Waitaki district councillors have voted 6-3 in favour of exploring options to sell some or all of Forrester Heights.

The result of the vote at yesterday’s council meeting came despite 70% of the 905 submissions on the future of the 2.5ha of land overlooking Oamaru Harbour supporting reserve status, compared with 30% supporting selling the land and using the funds for community benefit.

Waitaki Mayor Gary Kircher and councillors Colin Wollstein, Kelli Williams, Jim Thomson, Hana Halalele, and Jeremy Holding voted to confirm the council’s intent to sell, while councillors Melanie Tavendale, Jim Hopkins and Guy Percival voted against. Cr Bill Kingan was absent for the vote.

Friends of Oamaru Harbour co-ordinator Vicki Jayne said the group was "very disappointed" in the council’s dismissal of a strong public mandate for Forrester Heights to be a reserve.

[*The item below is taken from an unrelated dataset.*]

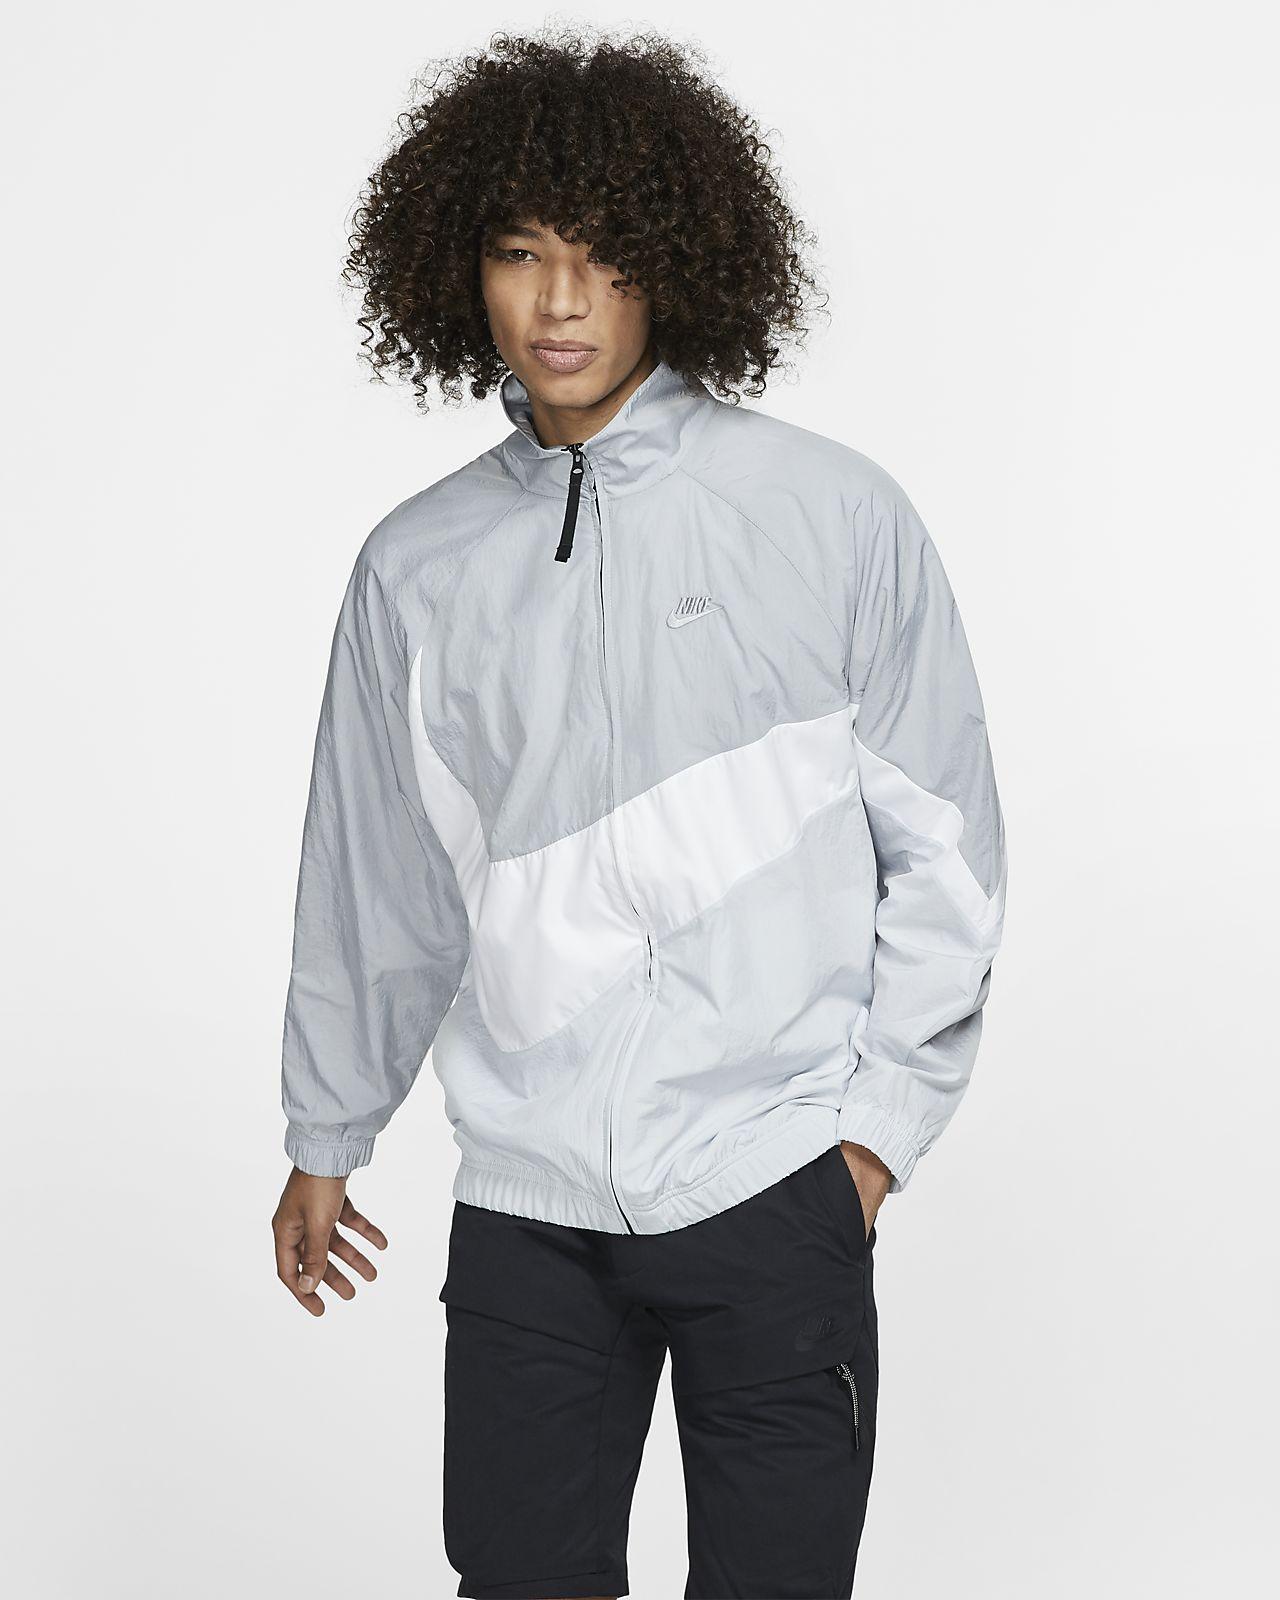 Nike Sportswear 男子梭织夹克

"Not only were the views of a majority of submitters ignored, the many valid concerns raised during the consultation process were not even addressed," Ms Jayne said.

With any future sale agreement to be approved by a new group of councillors after the local body elections in October, "this is not the end of the matter", she said.

Council chief executive Alex Parmley said it was a "really tricky" decision for councillors, in terms of balancing the consultation feedback with the wider interests of the community.

Yesterday’s outcome did not lock the council into a sale — it enabled engagement with the market and assessment of costs, conditions and a potential return, Mr Parmley said.

"Clearly if the return that is likely to be achieved on the sale of the site isn’t sufficient, then it will need to be reconsidered as to whether this is the right time to sell that land or not," he said.

Cr Tavendale said her decision to vote against a sale came down to listening to the community. While she had "no real issue" with building on Forrester Heights, she did not believe a sale was going to give the council the financial return it had hoped for, and said "the angst and the pain for not listening to our community" would not be worth it.

Cr Hopkins believed the council’s consultation campaign had failed, and he supported Cr Tavendale’s position that councillors should listen to those who engaged in the consultation process — whether they believed the majority was right or wrong.

Cr Thomson said while he did not want to see any green spaces sacrificed, he voted to pursue the sale process so he could get all the information he needed, including the potential return for the council, to make a more informed decision.

Mr Kircher envisaged Forrester Heights becoming a "very green, biodiversity-friendly, neighbourhood", where buildings blended into the hillside, and where native plantings led on to the Cape Wanbrow reserve area.

He said the community’s input had helped inform decisions, and resulted in some "significant changes" to the recommendations, including the addition of appropriate covenants to protect the views from lookout point and the appearance of the site, he said.

"Some of you may feel like we haven’t listened; that is not the case. Listening is not the same as agreeing and today we’ve made a decision which we think is best," Mr Kircher said.